# Building a coalition - How not to do it.



## Tommy Tainant (Jan 3, 2019)

Trump mocks India's prime minister over library in Afghanistan: 'I don’t know who's using it'

*I could give you an example where, I get along very well with India and prime minister Modi, but he’s constantly telling me he built a library in Afghanistan. Ok a library. That’s like, you know what that is? It’s like five hours of what we spend, and he tells it, and he’s very smart, and we’re supposed to say, ‘Oh thank you for the library’. *

What a great way to gain the support of an ally.


----------



## ABikerSailor (Jan 3, 2019)

What else can you expect from our current Cheeto in Chief?


----------



## Tommy Tainant (Jan 4, 2019)

ABikerSailor said:


> What else can you expect from our current Cheeto in Chief?


Not much. They cant find evidence of any library either.


----------



## Decus (Jan 4, 2019)

Tommy Tainant said:


> ABikerSailor said:
> 
> 
> > What else can you expect from our current Cheeto in Chief?
> ...



Are you worried that President Trump questioned spending on a library or that he isn't showing proper concern to other countries we should consider allies?
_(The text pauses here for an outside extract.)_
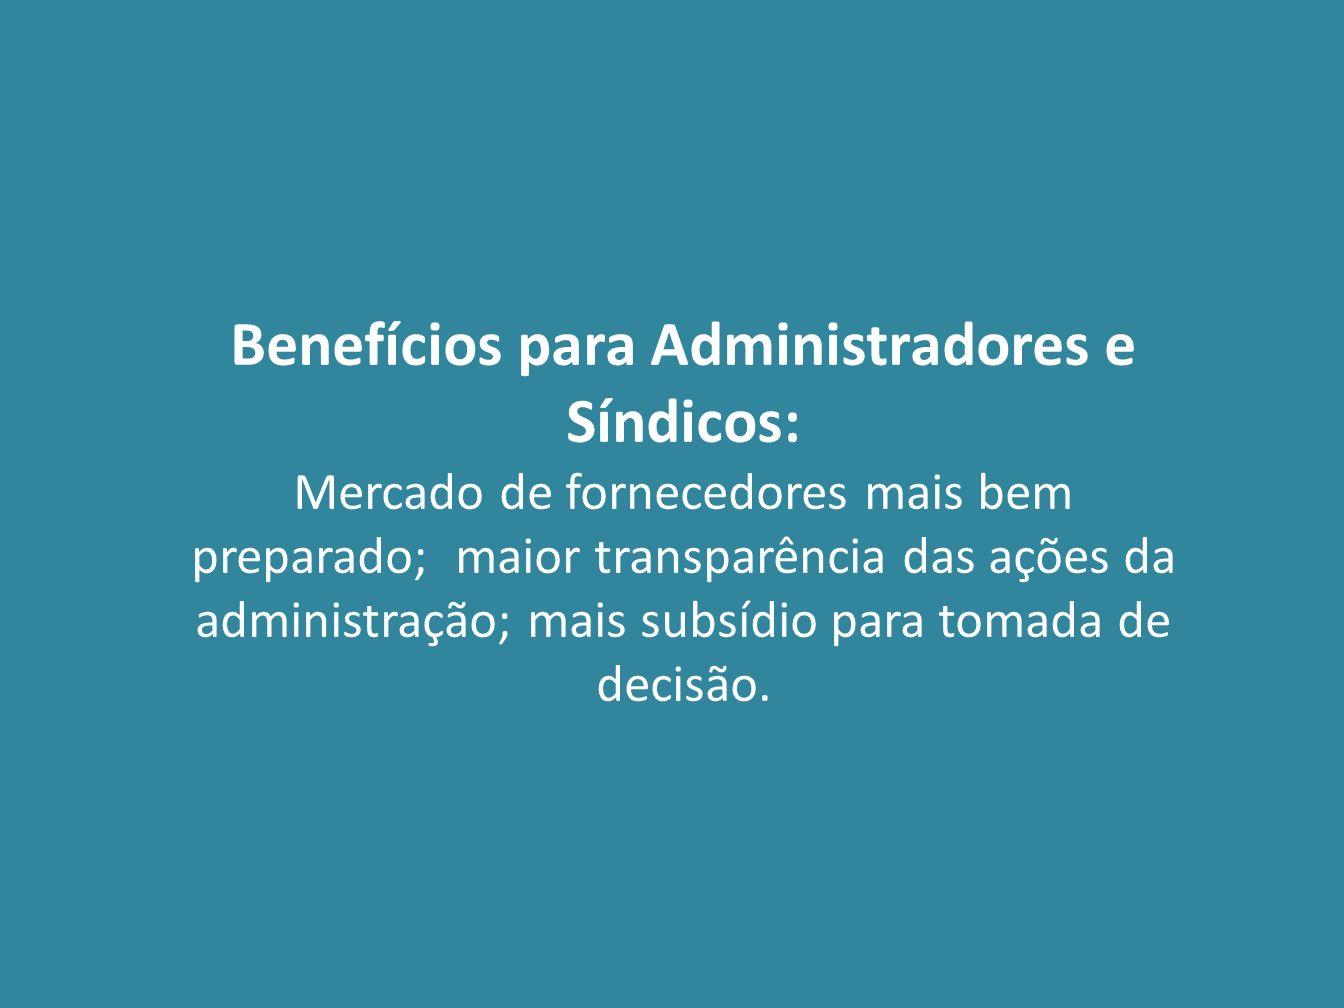 Benefícios para Administradores e Síndicos: Mercado de fornecedores mais bem preparado; maior transparência das ações da administração; mais subsídio

You Tommy are a fking joke.

Didn't Wales receive a ton of EU money to support welfare programs for the Welsh and still vote against remaining in the EU? To be clear Wales received some $5 billion dollars in structural funds and approximately $700 million dollars a year from the EU to fund other Welsh welfare programs. It is also true that Wales has been living on welfare for decades with the English funding the lazy long before the EU stepped in.

But talk about biting the hand that feeds you. How do you sleep at night?

.


----------



## Tommy Tainant (Jan 4, 2019)

Decus said:


> Tommy Tainant said:
> 
> 
> > ABikerSailor said:
> ...


Its the stupidity behind his approach.He wants India to give more support and asks for it by abusing their Prime Minister. How does that work ?


----------